Canary in China's coal mine .
Surely this isn't a metaphor China would encourage, but it could prove to be an apt one as authorities scrutinize credit risks in the coal-mining industry. The big focus right now is on whether a $496 million trust product distributed by Industrial & Commercial Bank of China will default -- or more to the point, whether it will be allowed to. A coal mining company -- since gone bust -- originally borrowed those funds. Now regulators worry that some of its peers could also be under pressure, raising the scary prospect of a wider financial crisis.
India's latest economic worry: election spending .
The fiscal positions of Asian economies know few bigger risks than election cycles. India is Exhibit A as the two main parties -- Congress and the Bharatiya Janata Party -- do battle with a third ahead of a national contest due in May. The sudden emergence of the Aam Aadmi Party has only intensified the usual subsidies arms race that precedes the polls. Now Finance Minister Palaniappan Chidambaram is jawboning the central bank to worry more about supporting growth than combating inflation. Let's just hope India's economy comes out of this voting cycle alive.
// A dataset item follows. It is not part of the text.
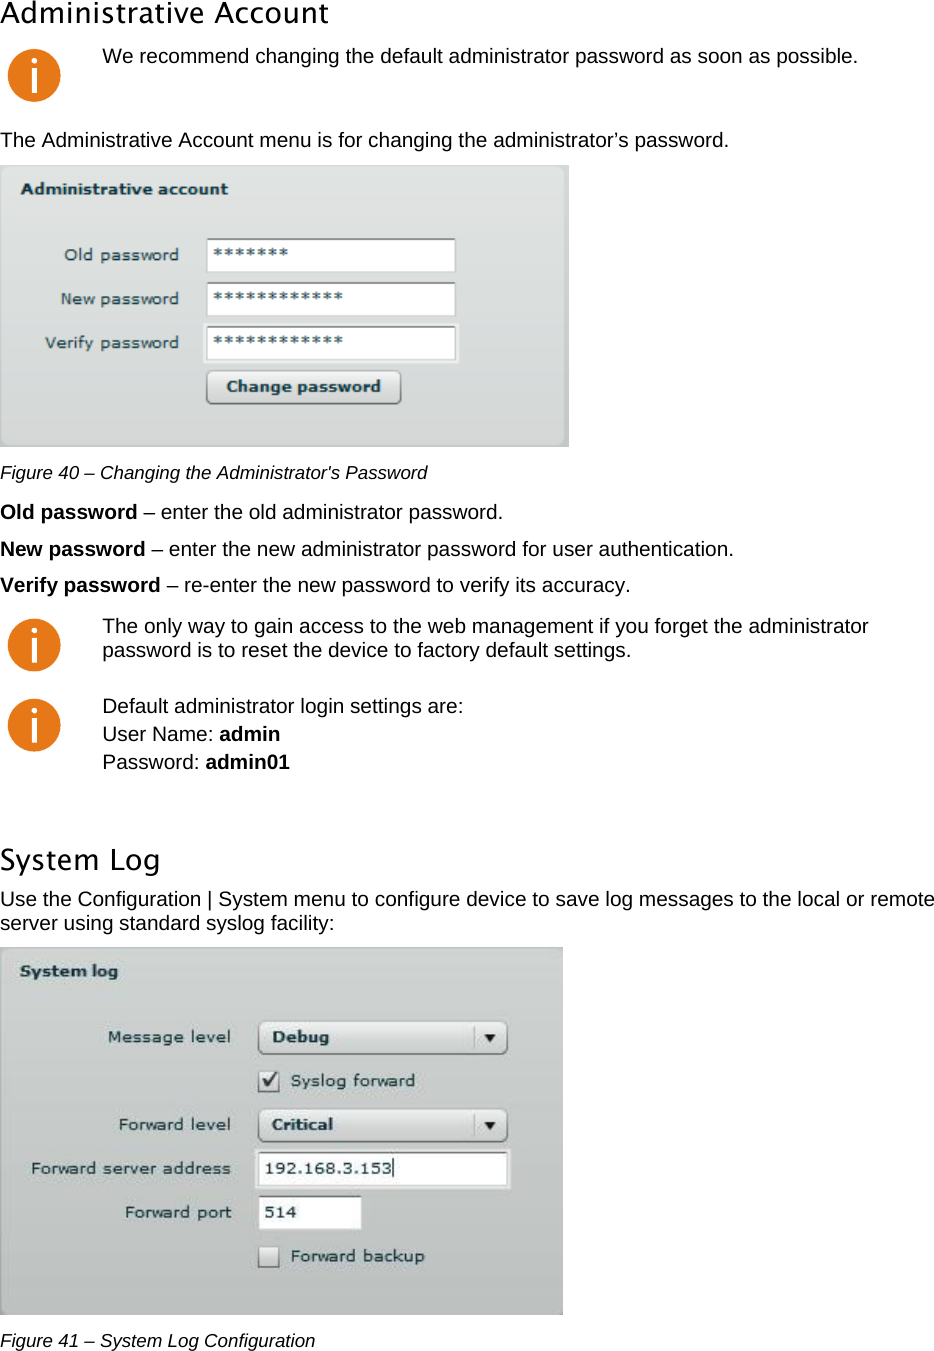  LigoWave Page 35 Administrative Account  We recommend changing the default administrator password as soon as possible. The Administrative Account menu is for changing the administrator’s password.   Figure 40 – Changing the Administrator&apos;s Password Old password – enter the old administrator password.  New password – enter the new administrator password for user authentication.  Verify password – re-enter the new password to verify its accuracy.   The only way to gain access to the web management if you forget the administrator password is to reset the device to factory default settings.  Default administrator login settings are:  User Name: admin  Password: admin01  System Log  Use the Configuration | System menu to configure device to save log messages to the local or remote server using standard syslog facility:   Figure 41 – System Log Configuration

Abe really blows it at Davos .
As more headlines roll in about Shinzo Abe's World Economic Forum keynote, a first for a Japanese leader, the clearer it is that he badly blew a perfect moment to focus on his economic reforms. The world is anxious to know whether the deregulatory pledges behind Abenomics are real or hype. And what did he do in front of the ideal audience to detail his supply-side strategies and garner global enthusiasm for Japan Inc.? Get lost in the weeds of World War II, upsetting China anew and prompting the Davos set to wonder what in the world Tokyo is thinking.
Asia likes Iran's coming-out party.
President Hassan Rouhani had a considerably better turn at Davos, opening the door a crack wider to the mainstream global economy. The first Iranian leader in a decade to visit the Davos forum invited oil companies to invest in his country as a nuclear accord with world powers triggers the lifting of some sanctions. This is a "trust, but verify" moment that calls to mind Ronald Reagan's adage about his dealings with former Soviet leader Mikhail Gorbachev. Japan, for one, is abuzz, for example, with Renault chief Carlos Ghosn saying that once more sanctions disappear, Iran's new-car market could expand to anywhere between 1 million and 1.5 million units. It's early days for Rouhani, but East Asia likes what it's hearing so far.